_Task description:_ Word for word, retype the lines from the one containing "Atelier fez vestido" to the one containing "t61202 garcia t-shirt 1980 froth" below, keeping both end lines and dropping the pictures.

_Records for the exercise:_
● ● ● ● ●
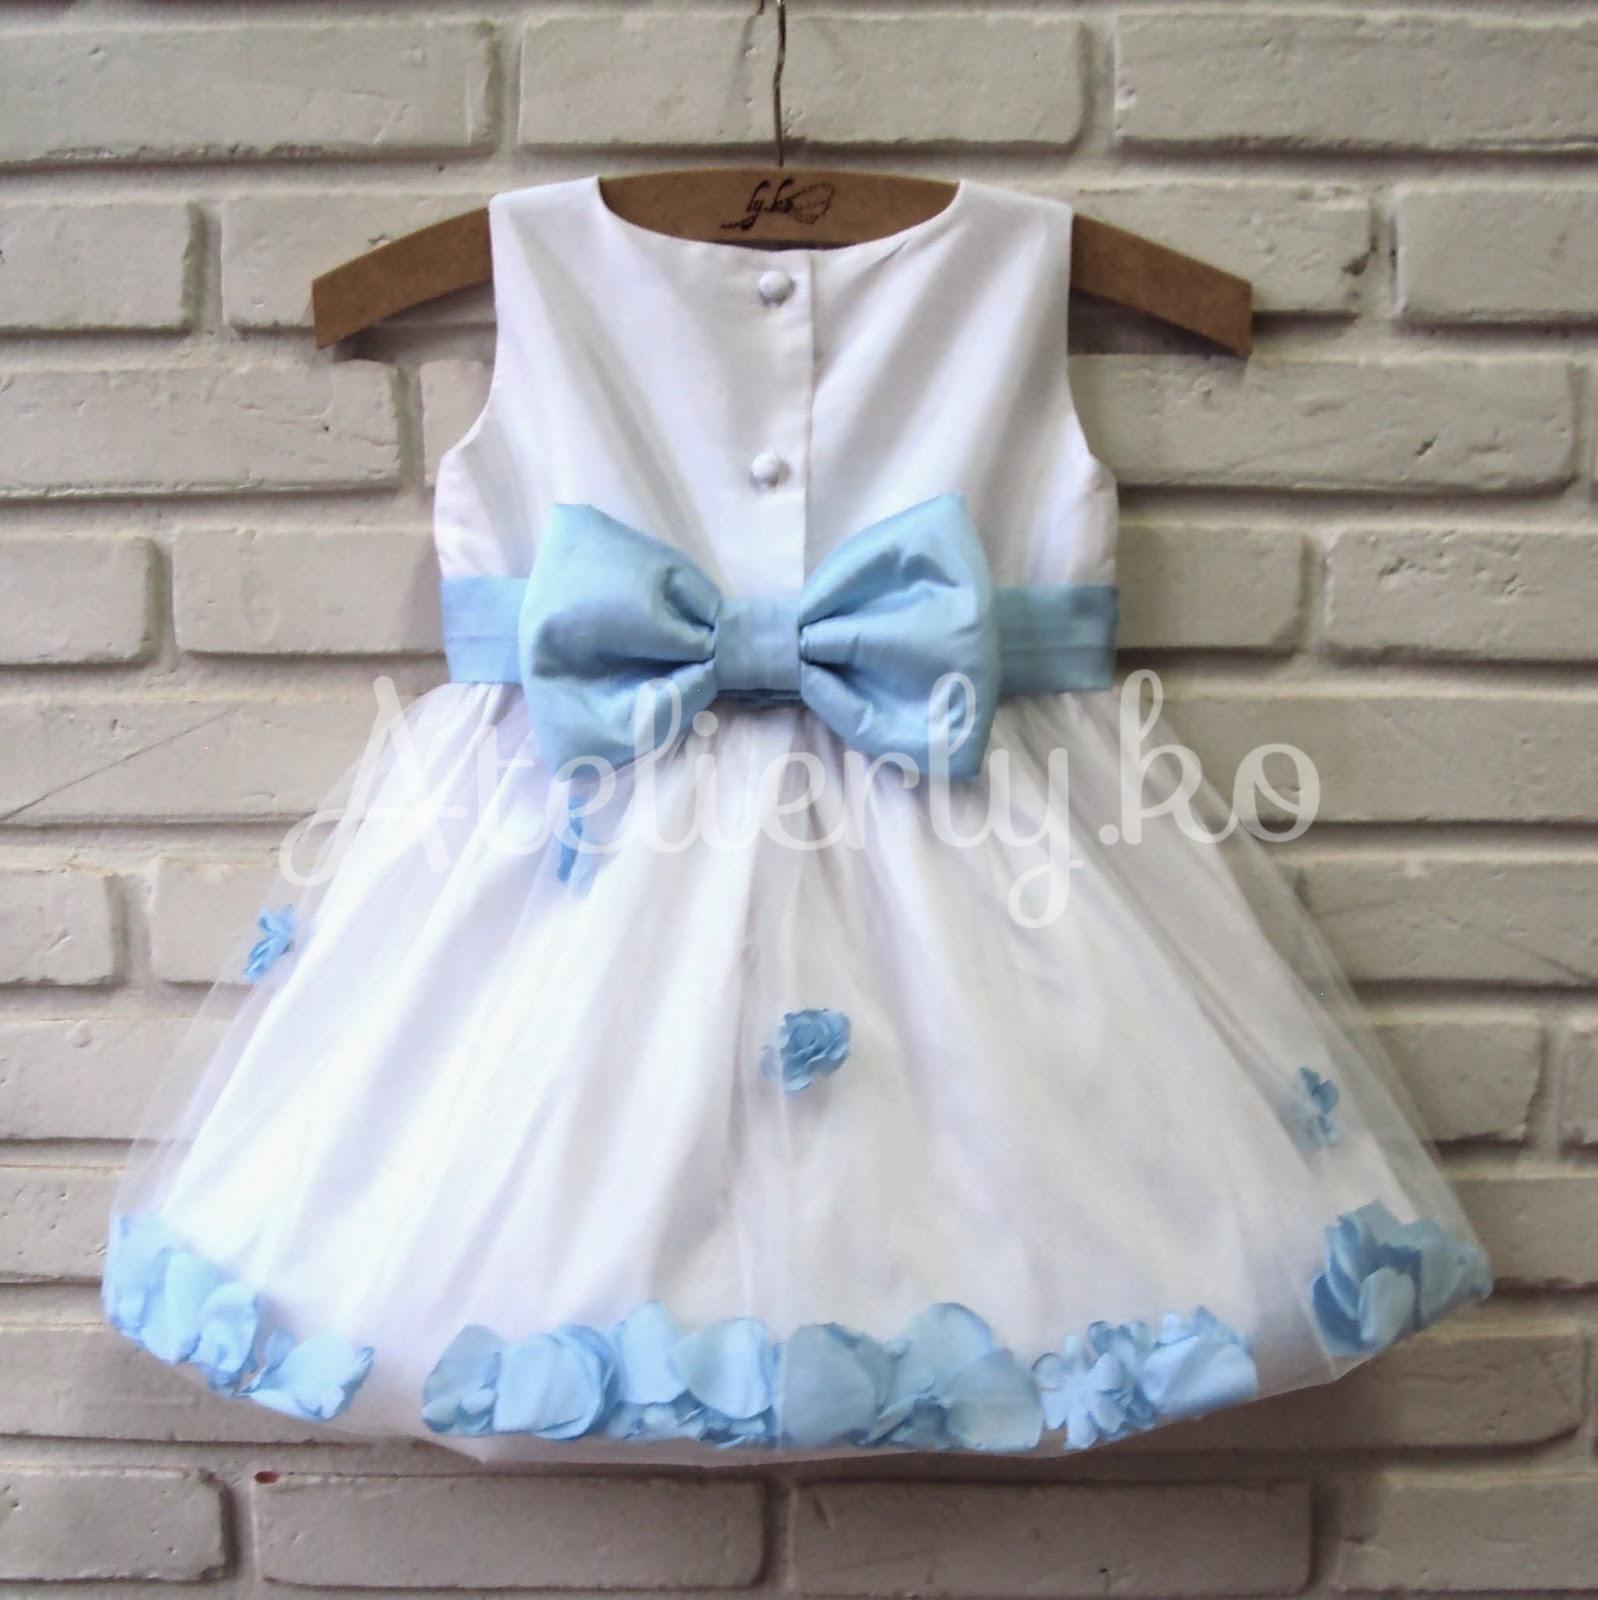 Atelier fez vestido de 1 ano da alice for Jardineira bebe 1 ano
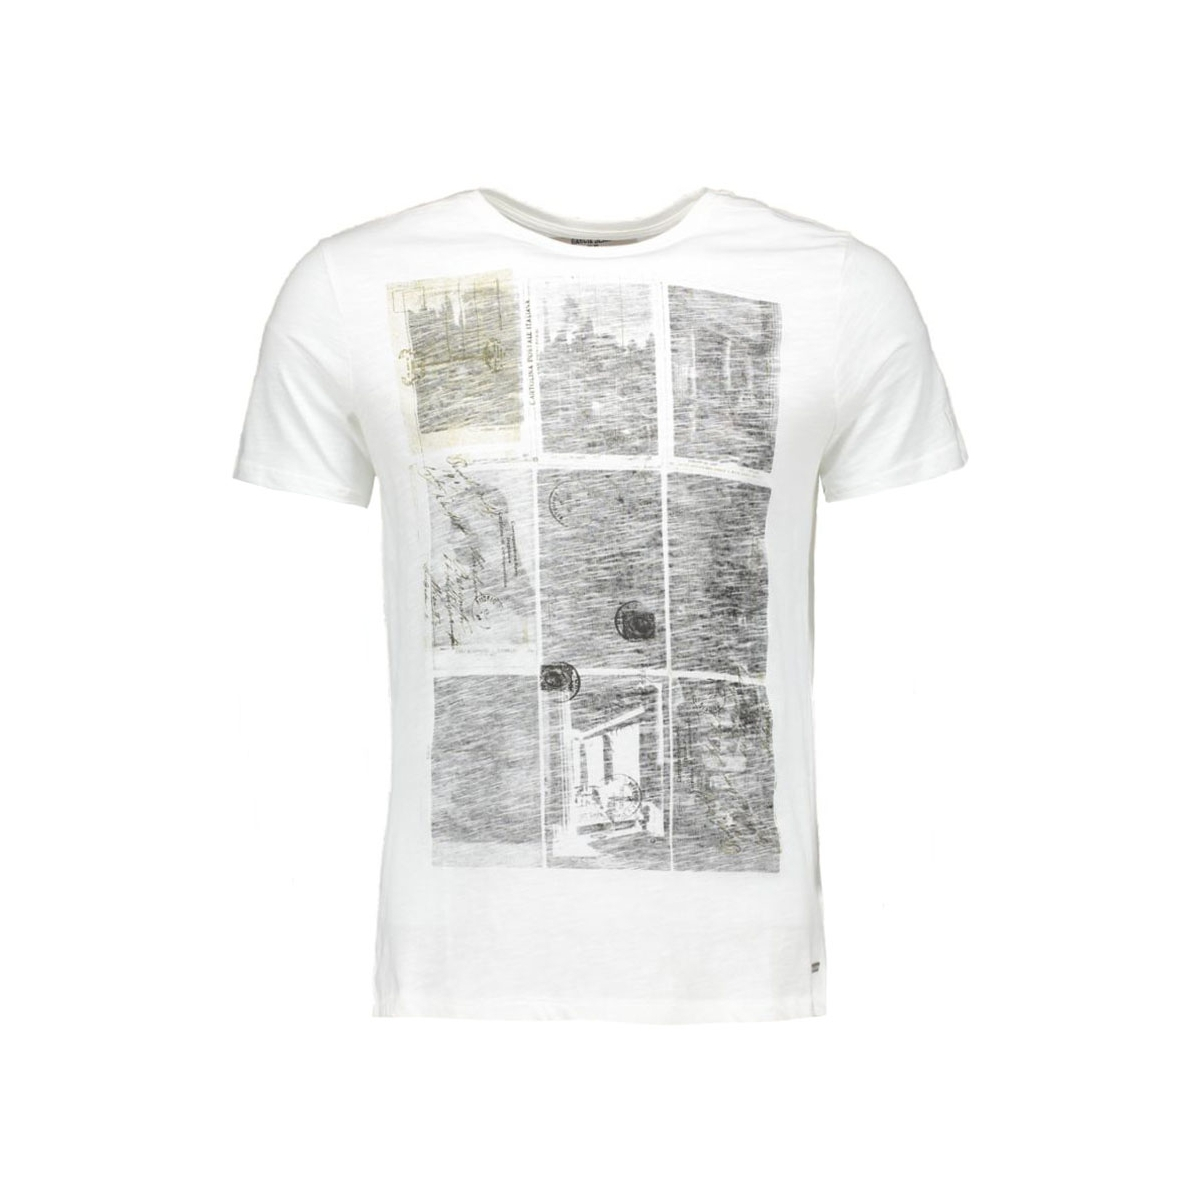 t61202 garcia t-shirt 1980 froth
● ● ● ● ●
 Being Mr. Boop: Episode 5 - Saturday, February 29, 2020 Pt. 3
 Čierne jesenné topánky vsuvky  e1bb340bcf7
● ● ● ● ●
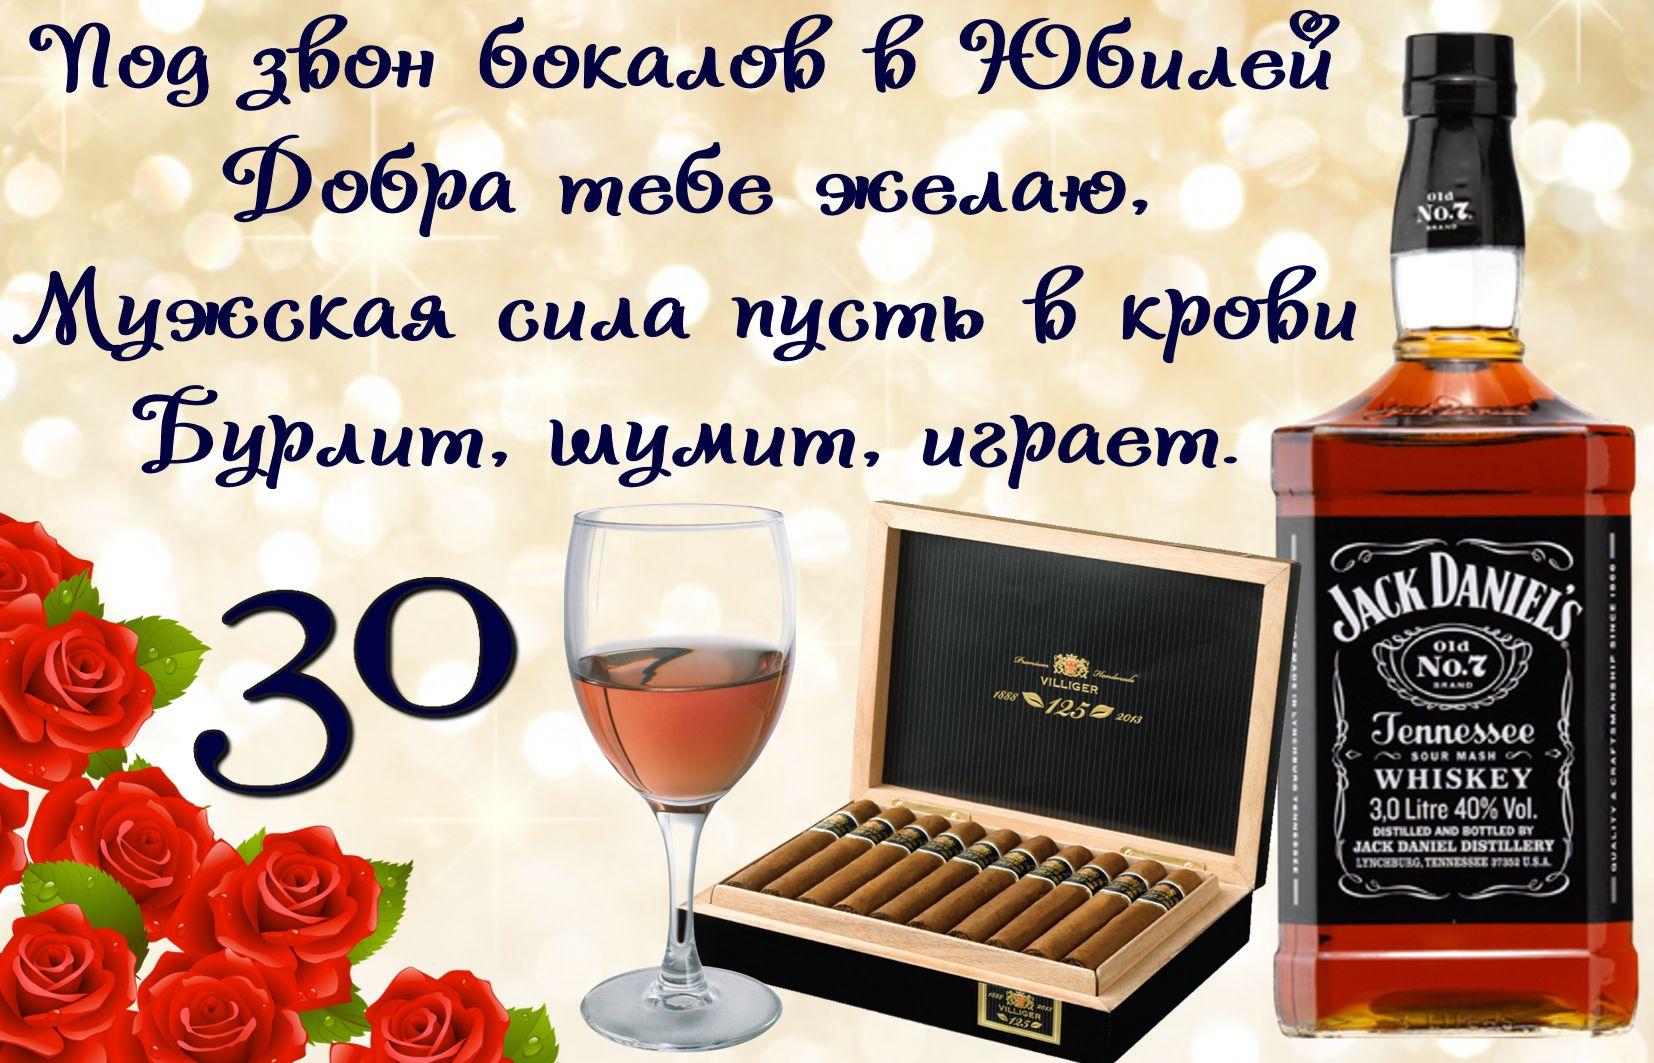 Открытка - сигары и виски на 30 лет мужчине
● ● ● ● ●
_Expected answer:_
 Atelier fez vestido de 1 ano da alice for Jardineira bebe 1 ano
 t61202 garcia t-shirt 1980 froth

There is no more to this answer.